▶ [TASK DETAILS]:
For the listing that follows, give again exactly the lines from the one with "Pressemeldung: Let's-a go!" to the one with "Đội ngũ công", including both.

▶ [LISTED RECORDS]:
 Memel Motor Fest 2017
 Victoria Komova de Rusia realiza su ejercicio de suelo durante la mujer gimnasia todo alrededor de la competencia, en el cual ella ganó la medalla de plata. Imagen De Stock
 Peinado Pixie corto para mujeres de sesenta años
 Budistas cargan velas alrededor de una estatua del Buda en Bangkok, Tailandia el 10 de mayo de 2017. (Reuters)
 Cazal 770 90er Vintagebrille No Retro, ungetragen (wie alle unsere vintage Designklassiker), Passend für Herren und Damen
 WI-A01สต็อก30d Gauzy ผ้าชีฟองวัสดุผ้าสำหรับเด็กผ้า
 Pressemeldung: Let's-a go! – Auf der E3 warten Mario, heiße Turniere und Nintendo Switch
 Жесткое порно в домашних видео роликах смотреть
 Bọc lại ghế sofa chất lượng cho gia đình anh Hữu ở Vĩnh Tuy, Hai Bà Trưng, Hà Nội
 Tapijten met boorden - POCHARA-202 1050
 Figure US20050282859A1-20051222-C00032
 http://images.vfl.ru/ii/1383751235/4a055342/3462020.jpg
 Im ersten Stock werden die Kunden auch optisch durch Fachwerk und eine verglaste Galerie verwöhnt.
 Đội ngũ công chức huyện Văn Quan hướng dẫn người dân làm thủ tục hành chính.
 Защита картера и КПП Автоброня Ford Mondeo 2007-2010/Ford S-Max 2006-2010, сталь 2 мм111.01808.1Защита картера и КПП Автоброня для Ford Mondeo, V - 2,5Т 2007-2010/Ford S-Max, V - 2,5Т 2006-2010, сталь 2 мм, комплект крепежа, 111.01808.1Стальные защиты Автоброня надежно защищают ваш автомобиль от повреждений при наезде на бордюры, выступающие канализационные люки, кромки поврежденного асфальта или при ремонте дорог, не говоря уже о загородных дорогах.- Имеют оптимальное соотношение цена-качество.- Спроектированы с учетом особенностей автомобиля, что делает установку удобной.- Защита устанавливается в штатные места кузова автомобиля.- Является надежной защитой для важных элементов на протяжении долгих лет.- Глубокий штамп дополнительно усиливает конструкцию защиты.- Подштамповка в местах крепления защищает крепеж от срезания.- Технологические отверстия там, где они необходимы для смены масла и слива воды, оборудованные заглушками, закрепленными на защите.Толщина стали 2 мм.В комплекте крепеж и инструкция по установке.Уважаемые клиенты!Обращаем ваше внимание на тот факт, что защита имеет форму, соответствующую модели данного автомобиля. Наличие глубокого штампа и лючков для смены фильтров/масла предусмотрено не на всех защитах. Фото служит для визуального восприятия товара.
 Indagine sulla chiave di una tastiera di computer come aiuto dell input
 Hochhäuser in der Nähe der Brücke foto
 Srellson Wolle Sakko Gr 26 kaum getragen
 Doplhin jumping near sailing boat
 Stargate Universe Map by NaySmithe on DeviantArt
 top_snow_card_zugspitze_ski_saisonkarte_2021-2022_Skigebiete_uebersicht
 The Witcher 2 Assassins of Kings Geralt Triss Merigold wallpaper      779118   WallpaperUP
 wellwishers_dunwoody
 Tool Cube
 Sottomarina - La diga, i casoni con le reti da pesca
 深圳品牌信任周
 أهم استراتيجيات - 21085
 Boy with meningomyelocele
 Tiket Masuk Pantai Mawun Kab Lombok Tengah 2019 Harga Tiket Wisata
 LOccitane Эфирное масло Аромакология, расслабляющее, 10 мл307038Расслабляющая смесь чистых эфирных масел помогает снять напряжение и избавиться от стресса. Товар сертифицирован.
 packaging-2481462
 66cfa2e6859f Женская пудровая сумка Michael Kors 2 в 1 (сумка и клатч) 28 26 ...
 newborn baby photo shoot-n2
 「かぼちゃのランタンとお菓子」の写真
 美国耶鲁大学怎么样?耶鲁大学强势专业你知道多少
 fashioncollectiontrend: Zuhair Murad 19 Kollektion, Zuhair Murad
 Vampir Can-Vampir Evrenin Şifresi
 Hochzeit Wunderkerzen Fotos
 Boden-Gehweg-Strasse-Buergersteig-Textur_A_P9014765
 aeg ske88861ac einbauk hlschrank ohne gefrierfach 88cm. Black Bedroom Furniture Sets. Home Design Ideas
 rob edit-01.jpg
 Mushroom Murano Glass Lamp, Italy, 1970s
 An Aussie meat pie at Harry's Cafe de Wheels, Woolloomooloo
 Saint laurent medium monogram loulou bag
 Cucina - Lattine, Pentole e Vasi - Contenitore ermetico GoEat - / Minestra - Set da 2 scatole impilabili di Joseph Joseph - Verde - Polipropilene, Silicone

▶ [REPLY]:
 Pressemeldung: Let's-a go! – Auf der E3 warten Mario, heiße Turniere und Nintendo Switch
 Жесткое порно в домашних видео роликах смотреть
 Bọc lại ghế sofa chất lượng cho gia đình anh Hữu ở Vĩnh Tuy, Hai Bà Trưng, Hà Nội
 Tapijten met boorden - POCHARA-202 1050
 Figure US20050282859A1-20051222-C00032
 http://images.vfl.ru/ii/1383751235/4a055342/3462020.jpg
 Im ersten Stock werden die Kunden auch optisch durch Fachwerk und eine verglaste Galerie verwöhnt.
 Đội ngũ công chức huyện Văn Quan hướng dẫn người dân làm thủ tục hành chính.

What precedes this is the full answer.